PdfPage — mediaBox / cropBox, width / height,
rotation, text(), text(BBox region), words(), lines()
(nested List<TextWord> per line), chars(), images()
(ExtractedImage with bytes + format enum + bbox + dimensions),
tables() (flat List<TableCell> with row/col indices + spans),
annotations() (13-subtype enum + URI extraction for Link).
MarkdownConverter — toMarkdown(doc) /
toMarkdown(doc, page) / toHtml(doc) / toHtml(doc, page).
Pdf — fromMarkdown(String) / fromHtml(String) /
fromImages(List<byte[]>) (auto-detects JPEG/PNG), save() /
saveTo(Path), planSplitByBookmarksCount(byte[], int),
splitByBookmarksFromBytes(byte[], int) -> byte[][] (v0.3.50
#482 — round-trip proven: outlined PDF → segments → each
reopenable).
DocumentEditor — open(Path/byte[]/String),
setFormField(name, String/boolean), addRedaction(page, BBox),
redactionCount(page), applyRedactionsDestructive() (v0.3.50
#231 — full Phase 3 T11 pipeline; default RedactionOptions
scrub metadata + strip JS + remove embedded files + hide OCG;
fail-closed on composite/Type0/unknown fonts), scrubMetadata(),
save() / saveTo(Path).
AutoExtractor (v0.3.51 #517) — of(doc) /
fast(doc) / balanced(doc) / highFidelity(doc) presets,
classifyPageKind(int) / classifyDocumentKinds() (returns
per-page PageClass enum), extractText() /
extractTextForPage(int) (graceful OCR fallback), extractAutoPage(int)
/ extractAutoDocument() (simplified AutoResult), and the
rich-shape escape hatch extractPageJson(int) /
extractDocumentJson() returning serde-JSON of the full
v0.3.51 PageExtraction / DocumentExtraction (typed reasons +
per-region bboxes + confidence + ocr_used + pages_needing_ocr).

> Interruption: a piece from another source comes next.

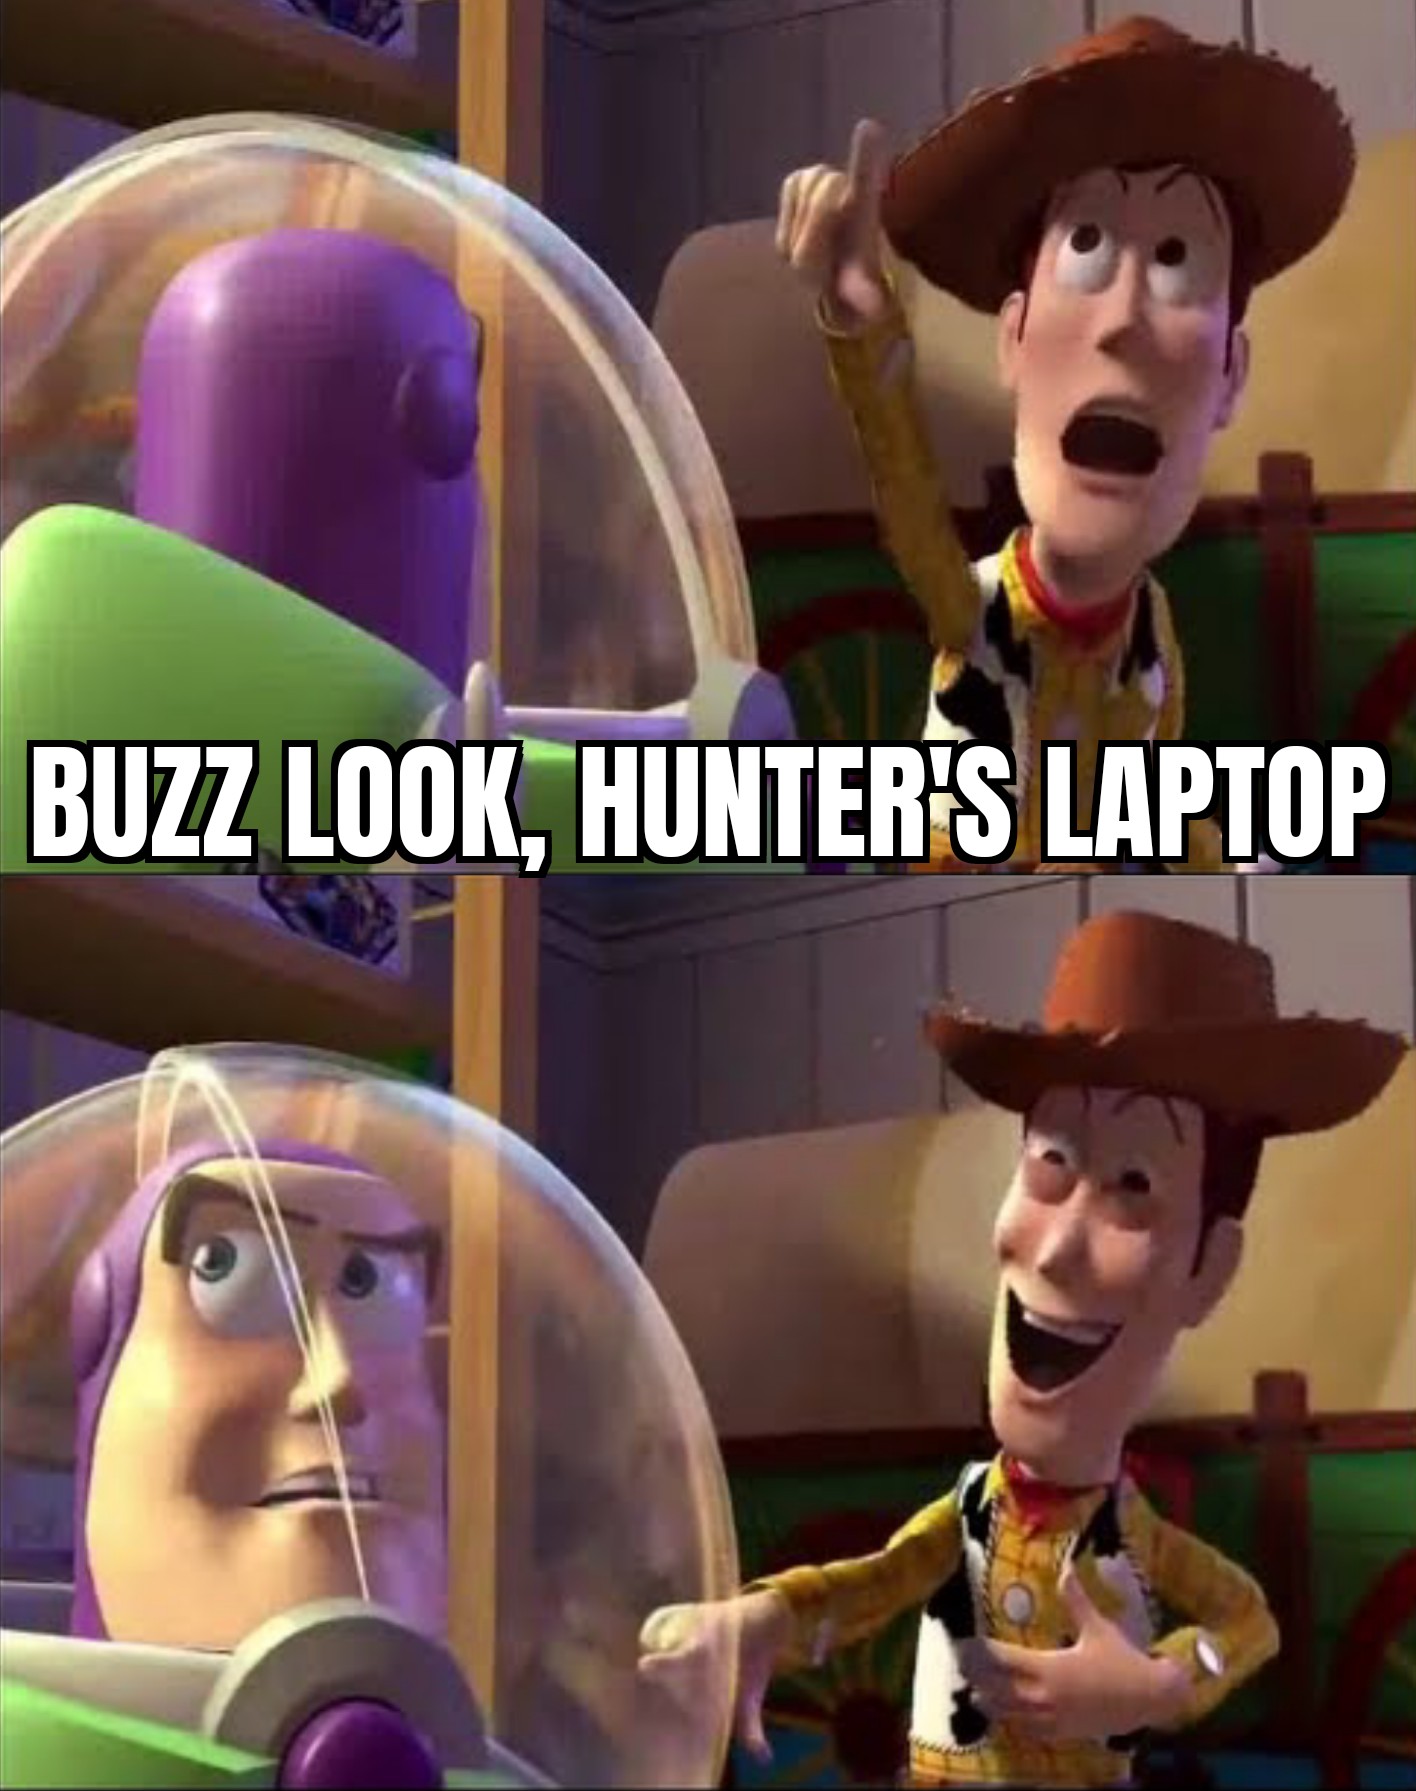 Buzz look, an alien!

PdfSigner (v0.3.50 #235) — fromPkcs12(Path/byte[], String),
sign(byte[] pdf, SignOptions opts) supporting PAdES B-B
(no TSA needed), B-T and B-LT (RFC 3161 TSA HTTP via the
tsa-client Cargo feature; opts.tsaUrl() required for B-T/B-LT),
verify(byte[]), classifyLevel(byte[]) (static — returns highest
PAdES level present in a signed PDF without needing key material).
PdfValidator — isPdfA(doc, PdfALevel) /
isPdfUa(doc, PdfUaLevel) (simplified boolean verdict);
validatePdfA / validatePdfUa return ValidationResult. PDF/A
levels 1a/1b/2a/2b/2u/3a/3b/3u supported; PDF/A-4 + PDF/UA-2
surface as PdfUnsupportedException (pdf_oxide core gaps).
PdfPolicy (v0.3.50 #230) — current() / set(PolicyMode)
- compat/strict/fipsStrict presets. Set-once enforced at
  process startup per the v0.3.50 design (second set throws with
  a clear "already set" message).
Exception taxonomy — PdfException extends RuntimeException
(unchecked, modern Java consensus per Effective Java Item 71) +
8 typed subclasses (PdfParseException, PdfEncryptedException,
PdfPermissionException, PdfIoException,
PdfOcrUnavailableException, PdfSignatureException,
PdfInvalidStateException, PdfUnsupportedException) +
PdfErrorKind enum for switch-on-enum dispatch. Rust Error::*
variants mapped 1:1 in pdf_oxide_jni/src/error.rs.
Value types — geometry.{BBox, Point, Rect, Color},
text.{TextStyle, TextWord, TextLine, TextChar, TextSpan},
table.{Table, TableCell}, image.{ImageFormat, ExtractedImage},
form.{FormField, FormFieldType},
auto.{ExtractMode, ExtractReason, PageClass, RegionResult, AutoResult, ClassifyResult, AutoExtractConfig + Builder},
compliance.{PdfALevel, PdfXLevel, PdfUaLevel, ValidationResult, ValidationViolation},
signature.{SignatureLevel, SignOptions + Builder},
policy.{PolicyMode, SecurityPolicy + Builder},
render.PixelFormat, redaction.RedactResult,
split.{SplitByBookmarksOptions + Builder, BookmarkSegment},
metadata.{DocumentInfo, XmpMetadata},
search.{SearchOptions + Builder, SearchMatch, SearchResult},
annotation.{Annotation, AnnotationType}. JDK 11 floor → final
classes with manual equals/hashCode/toString and
record-shaped accessor names (drop-in record migration when
floor moves to 17+). JSpecify @Nullable annotations throughout.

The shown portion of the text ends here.